What to see and do in Gibraltar
I was in Gibraltar for 24 hours and managed to see everything I wanted to see and do, although I think you would be in less of a rush with a two night stay.
My highlights included:
- Hiking the Mediterranean steps up to the top of the rock. From The Rock Hotel you can walk up to the starting point of the Steps at Jews Gate on the Eastern edge of the rock (about 20-30 mins depending on your fitness level) before purchasing your entry to the Upper Rock Nature Reserve (£13, including all the attractions at the top). The hike up the Mediterranean Steps is a fairly steep incline and with several hundred metres elevation. It winds its way around the southerly point of the rock and tops out at Lord Aire’s Battery. It is well worth doing, with beautiful views across to Africa, although its southerly aspect will make it very hot in the summer.
- St Michael’s Cave: included in your Nature Reserve ticket is entry to the various historical and military attractions on the rock, but by far my favourite was St Michael’s Cave, a natural cave with stalactites that now hosts a small auditorium in the largest of the caves. In 2021 a new immersive audiovisual experience was installed that depicts the cave’s geological history.
- Gibraltar Skywalk: a more recent addition to the visitor attractions on the rock is the Skywalk, a glass-floored view point. It doesn’t have quite the same commanding views as the Mediterranean Steps but still worth doing.

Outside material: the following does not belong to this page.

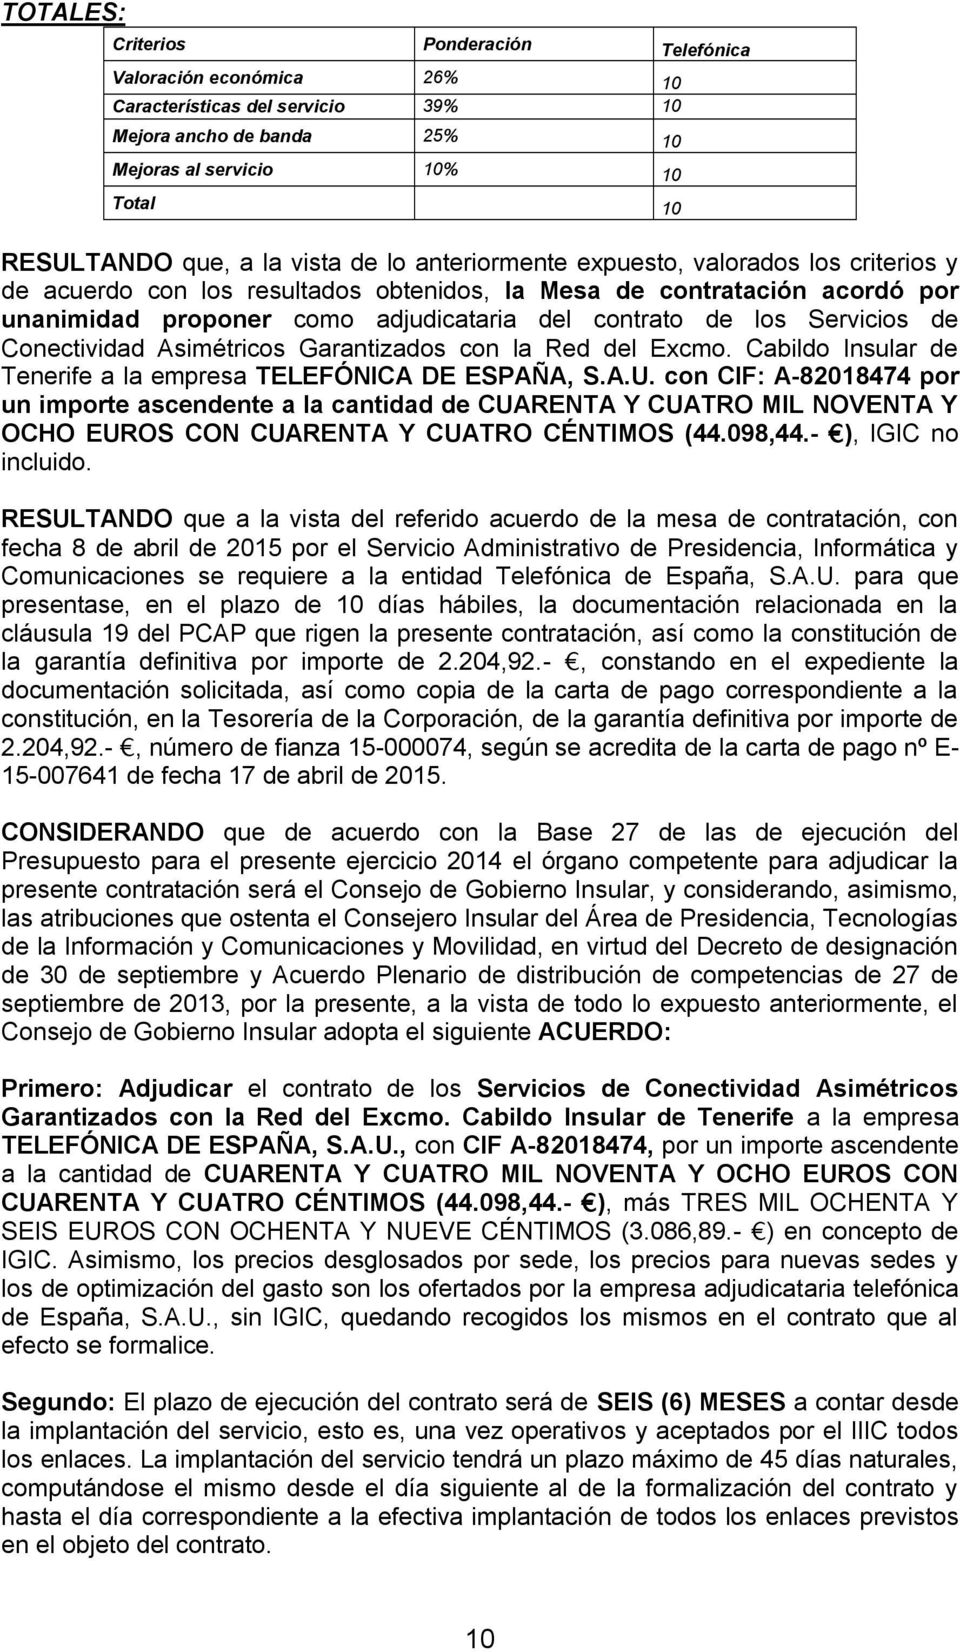 Servicios de Conectividad Asimétricos Garantizados con la Red del Excmo. Cabildo Insular de Tenerife a la empresa TELEFÓNICA DE ESPAÑA, S.A.U.

- Cheap booze: it would be remiss to visit Gibraltar without purchasing a few bottles from the many off-licence shops along Main Street. Alcohol costs are about half what you would pay in the UK – you can get a litre of Bombay Sapphire for around £12 for example (the cheapest brand-name gin I could find was 1l of Beefeater for around £8). The airside duty free shop in Gibraltar Airport is also a good spot to pick up some booze and prices are virtually identical to the shops on Main Street.
- The Gibraltar Botanic Gardens make for a lovely late afternoon stroll and lead down to the cable car and end of Main Street.
Whilst taxis and cable cars will get you up and around the rock, I really do recommend walking the entire thing. The paths are tarmaced and, once you are at the top, generally flat or slope down.